### YOUR GOAL
Return every line below as is, leaving out the pictures.

### INFORMATION PROVIDED

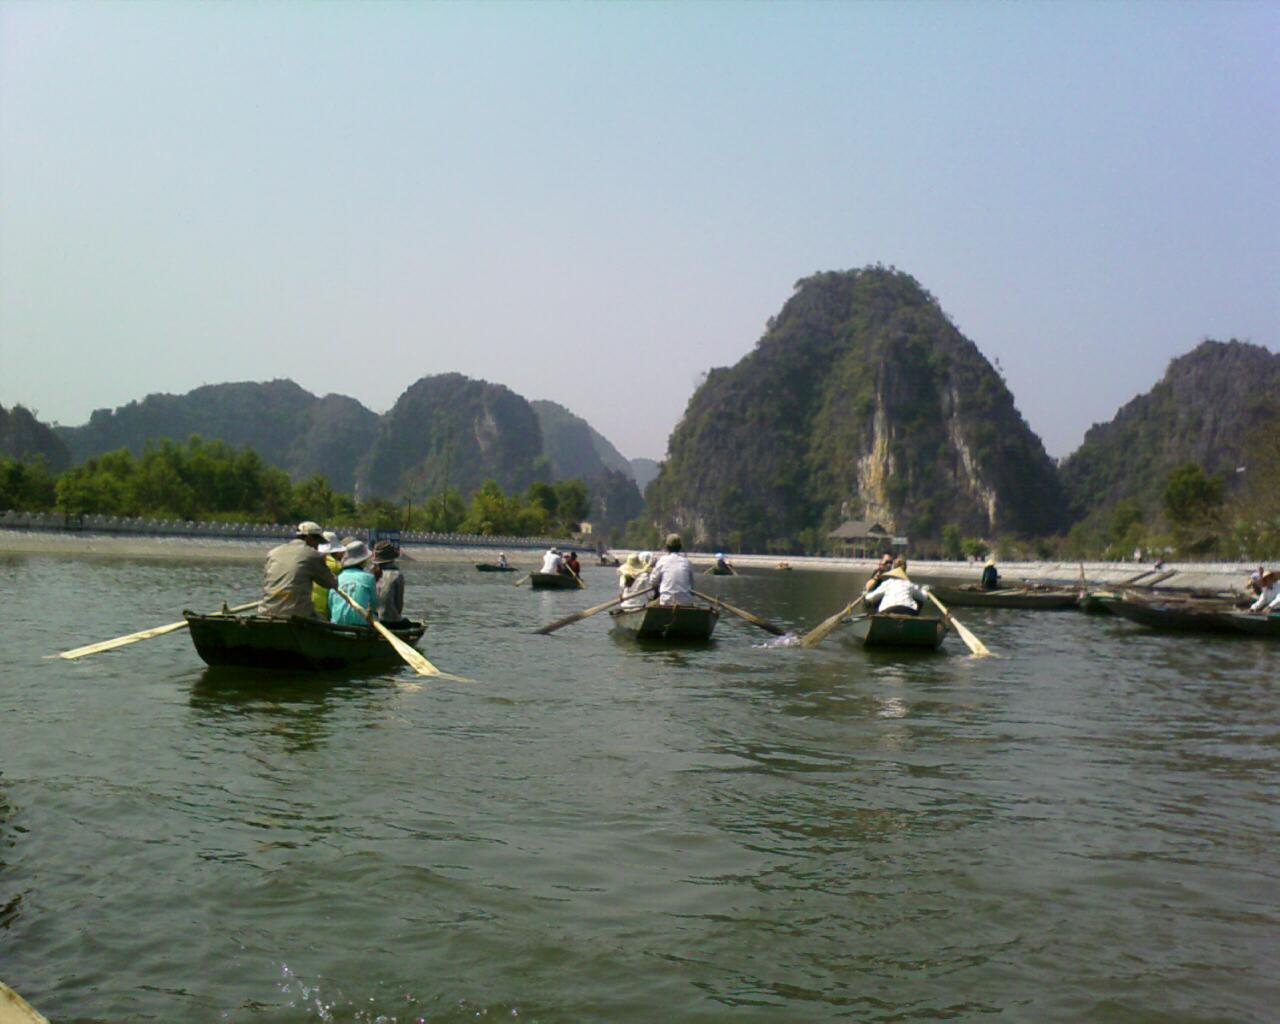 Barcos de excursión en la cercana zona de Tam Coc Ninh Binh Vietnam
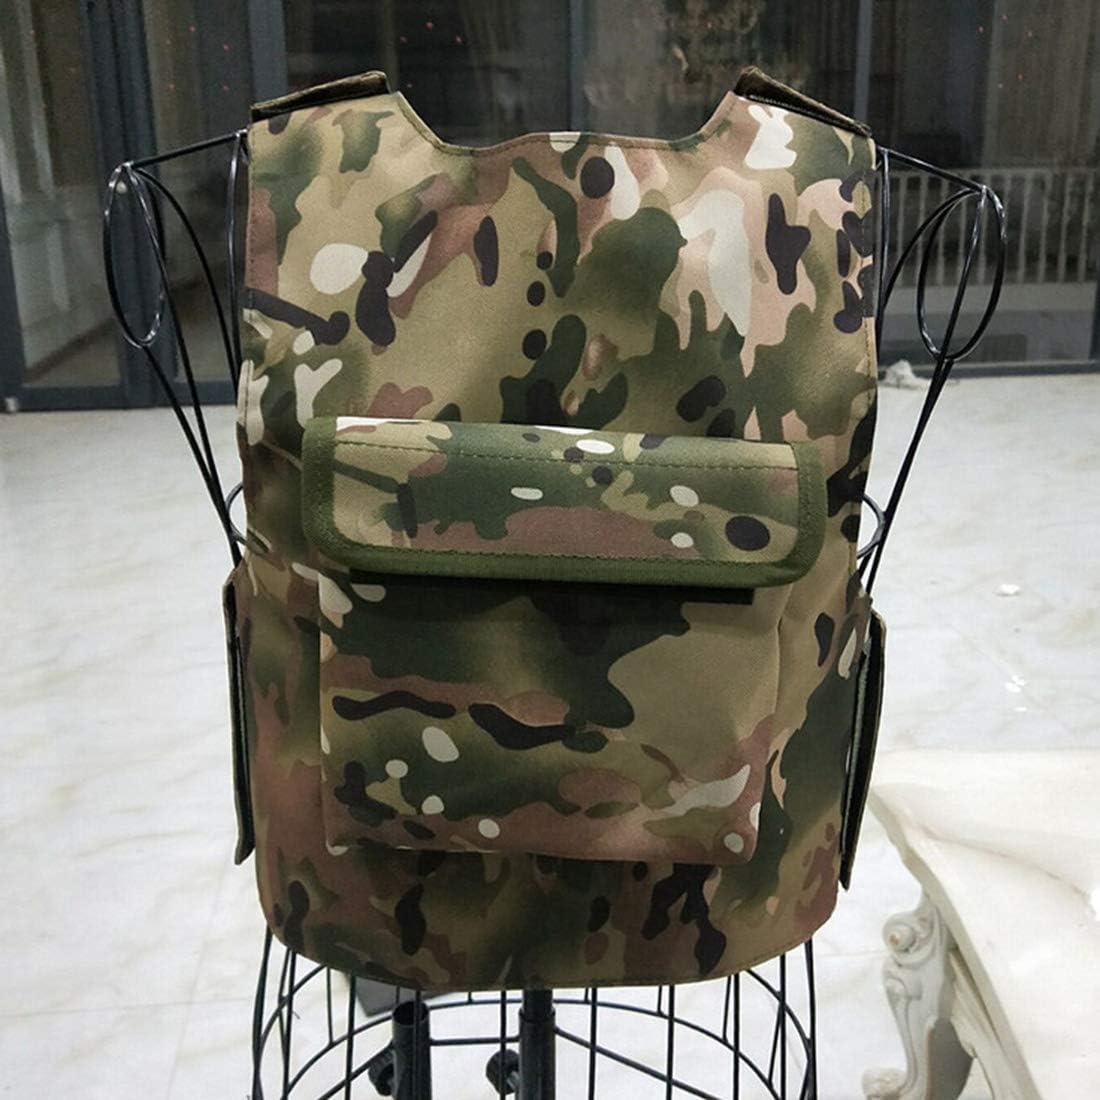 Leic Chaleco Protector t/áctico Ni/ños t/ácticas Militares de Tres Niveles Traje de Chaleco de Equipo extendido para Menos de 140 cm para Entrenamiento CS Airsoft Paintball Game
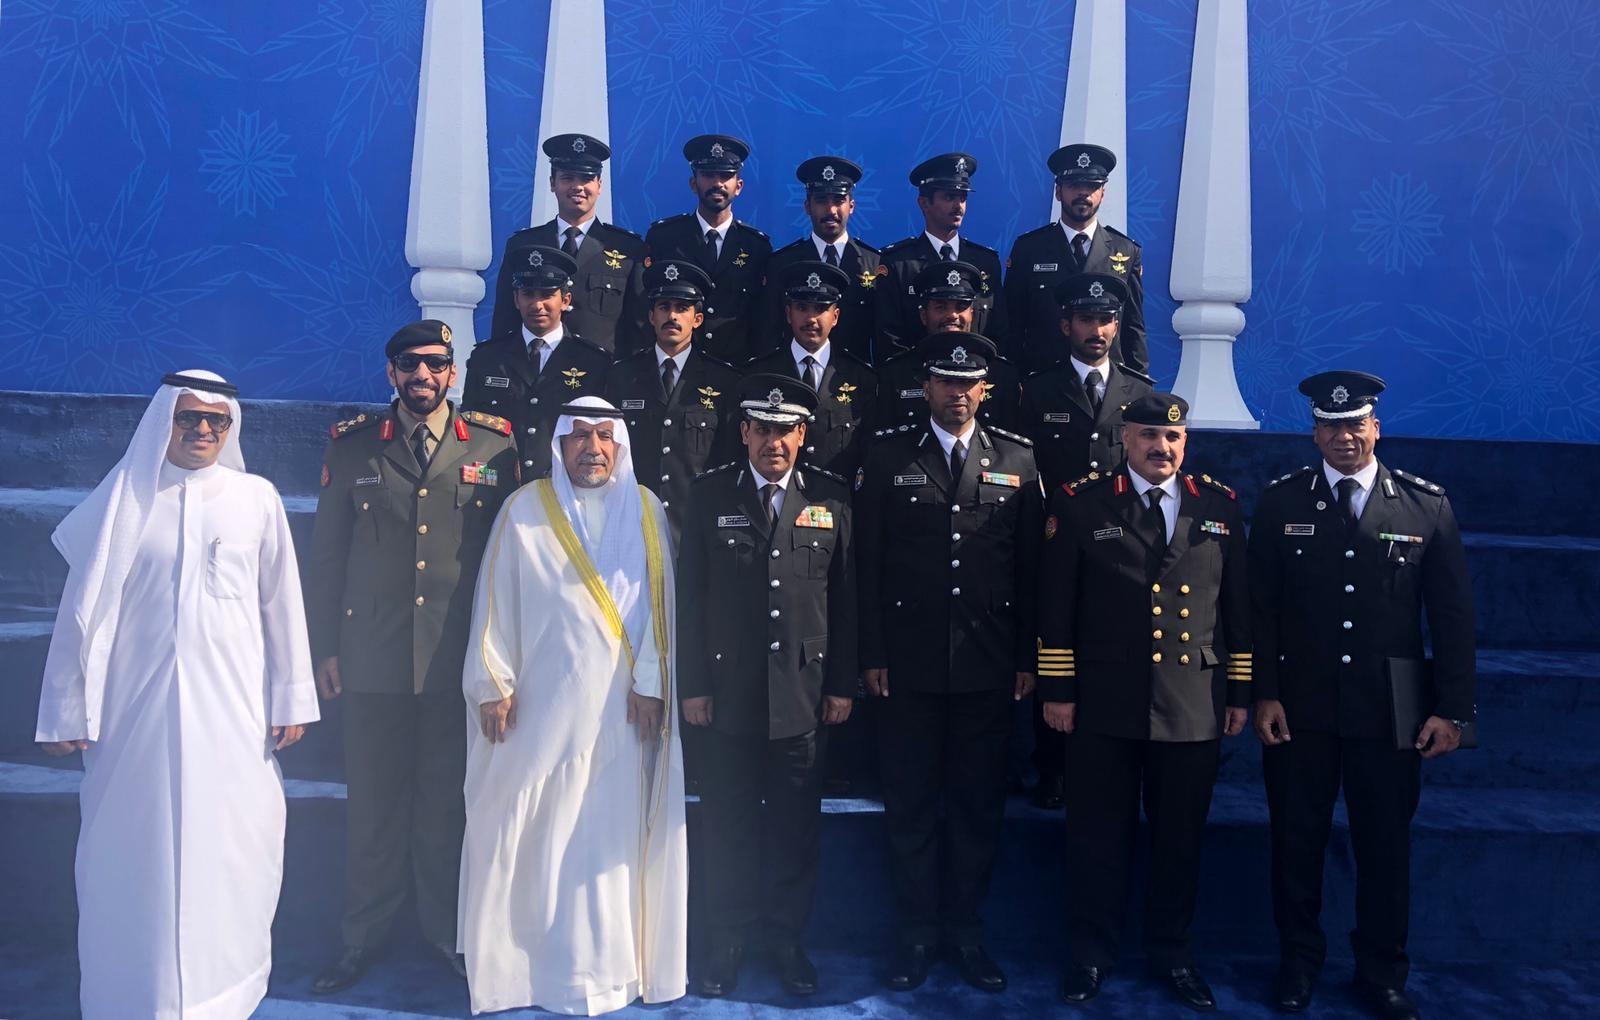 """وكيل """"الداخلية"""": ضرورة توحيد الجهود أمام التحديات الأمنية التي تواجه الدول الخليجية"""

### RESULT OF THE TASK
 Barcos de excursión en la cercana zona de Tam Coc Ninh Binh Vietnam
 Leic Chaleco Protector t/áctico Ni/ños t/ácticas Militares de Tres Niveles Traje de Chaleco de Equipo extendido para Menos de 140 cm para Entrenamiento CS Airsoft Paintball Game
 """وكيل """"الداخلية"""": ضرورة توحيد الجهود أمام التحديات الأمنية التي تواجه الدول الخليجية"""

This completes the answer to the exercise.